Pemerintah selama ini cenderung menganggap dan memperlakukan pendidikan islam
sebagai anak tiri, khususnya soal biaya atau anggaran atau dana yang diberikan
pemerintah sangat jauh perbedaannya dengan pendidikan yang berada di lingkungan
Diknas. Maka terlepas itu semestinya alokasi anggaran negara pada pendidikan
islam tidak terjadi kesenjangan, karena pendidikan islam juga bermisi untuk
mencerdaskan bangsa, sebagaimana juga
misi oleh pendidikan umum. Yang kedua adanya diskriminasi masyarakat terhadap
pendidikan islam. Secara jujur bahwa masyarakat selama ini cenderung acuh
terhadap proses pendidikan di madrasah atau sekolah – sekolah islam. Rata –
rata memandang pendidikan islam yaitu pendidikan nomor dua dan biasanya apabila
sekolah di lembaga pendidikan islam merupakan alternatif terakhir setelah tidak
dapat di terima di lembaga pendidikan umum di lingkungan Diknas.
3. Problematika di MI Karangtengah
Problematika atau masalah yang sering muncul di
lembaga pendidikan islam formal di MI itu sangat kompleks, ada dua faktor yang
mempengaruhi munculnya permasalahan di dalam pendidikan islam yaitu faktor
internal dan juga faktor eksternal. Didalam problematika atau masalah lembaga
pendidikan islam yang penulis tulisini mengenai MI Karangtengah. Di Madrasah
Ibtidaiyah Karangtengah ini permasalahannya mengenai anggaran, kualitas pendidik dan peserta didik. Untuk anggaran di Madrasah
Ibtidaiyah ini terjadi kesenjangan, anggaran yang diberikan oleh pemerintah
tidak sebanding dengan pendidikan umum lainnya shingga MI Karangtengah ini
kekurangan anggaran yang menjadikan sarana dan prasarana kurang mendukung
misalkan media dalam proses pembelajaran yang rendah, sehingga dalam proses belajar
mengajar kurang efektif dan efisien. Untuk kualitas pendidik sendiri kurang
memiliki profesionalisme yang memadai untuk menjalankan tugasnya, sebagaimana
disebut dalam pasal 39 UU NO 20/2003 tentang Sikdinas yaitu merencanakan dan
melaksanakan proses pembelajaran, menilai hasil pembelajaran, melakukan
pembimbingan dan pelatihan serta melakukan penelitian dan pengabdian kepada
masyarakat.

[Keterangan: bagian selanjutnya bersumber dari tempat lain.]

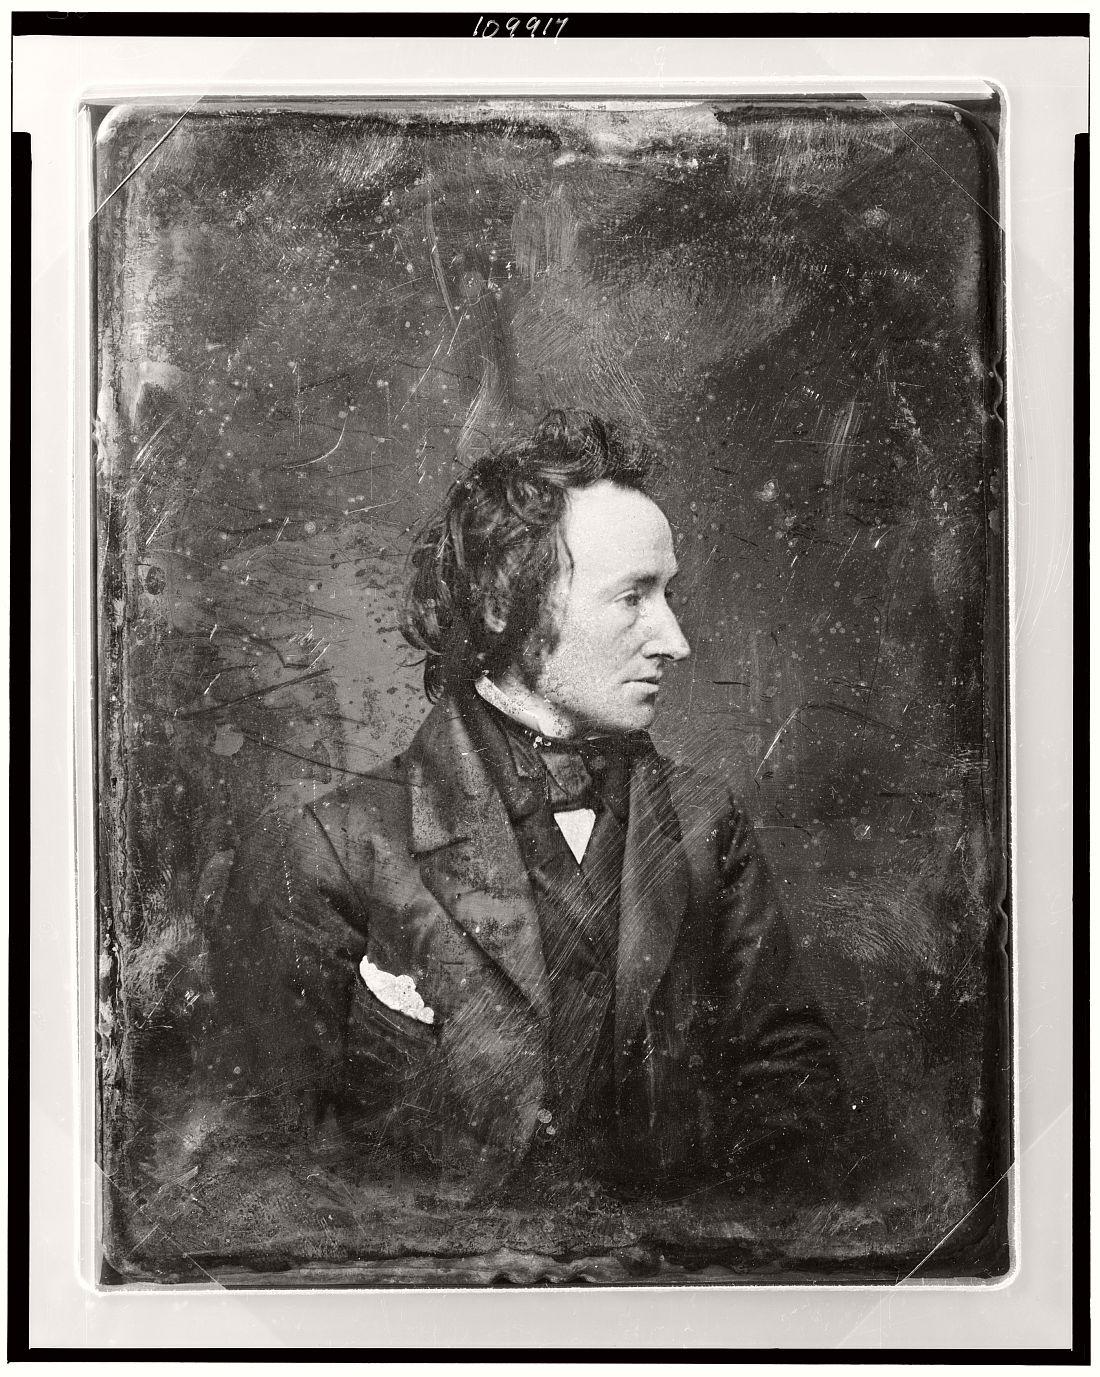 vintage-daguerreotype-portraits-from-xix-century-1844-1860-23

Disini ada sebagian guru yang kurang menguasai atau kurang memahami
mengenai kemampuan pedagogik. Sehingga dalam proses pembelajaran kurang
efektif.Walaupun guru bukan satu – satunya faktor penentu keberhasilan
pendidikan tetapi guru merupakan titik sentral pendidikan dan kualifikasi,
sebagai cermin kualitas, tenaga pengajar memberikan andil yang sangat besar
pada kualitas pendidikan yang menjaadi tanggungjawabnya. Selanjutnya untuk
kualitas peserta didiknya , peserta
didik di MI ini begitu beragam ada peserta didik yang cepat menangkap
pelajaran, ada juga peserta didik yang lambat dalam menangkap materi pelajaran.
Untuk itu guru harus dapat menangani peserta didik dari segi karakteristiknya. Karena
peserta didik mempunyai karakteristik yang berbeda-beda dan beragam sehingga
menjadikan peserta didik mempunyai kemampuan yang berbeda dan perlu dibimbing
oleh pendidik atau orang dewasa agar dapat mengembangkan potensi yang dimiliki.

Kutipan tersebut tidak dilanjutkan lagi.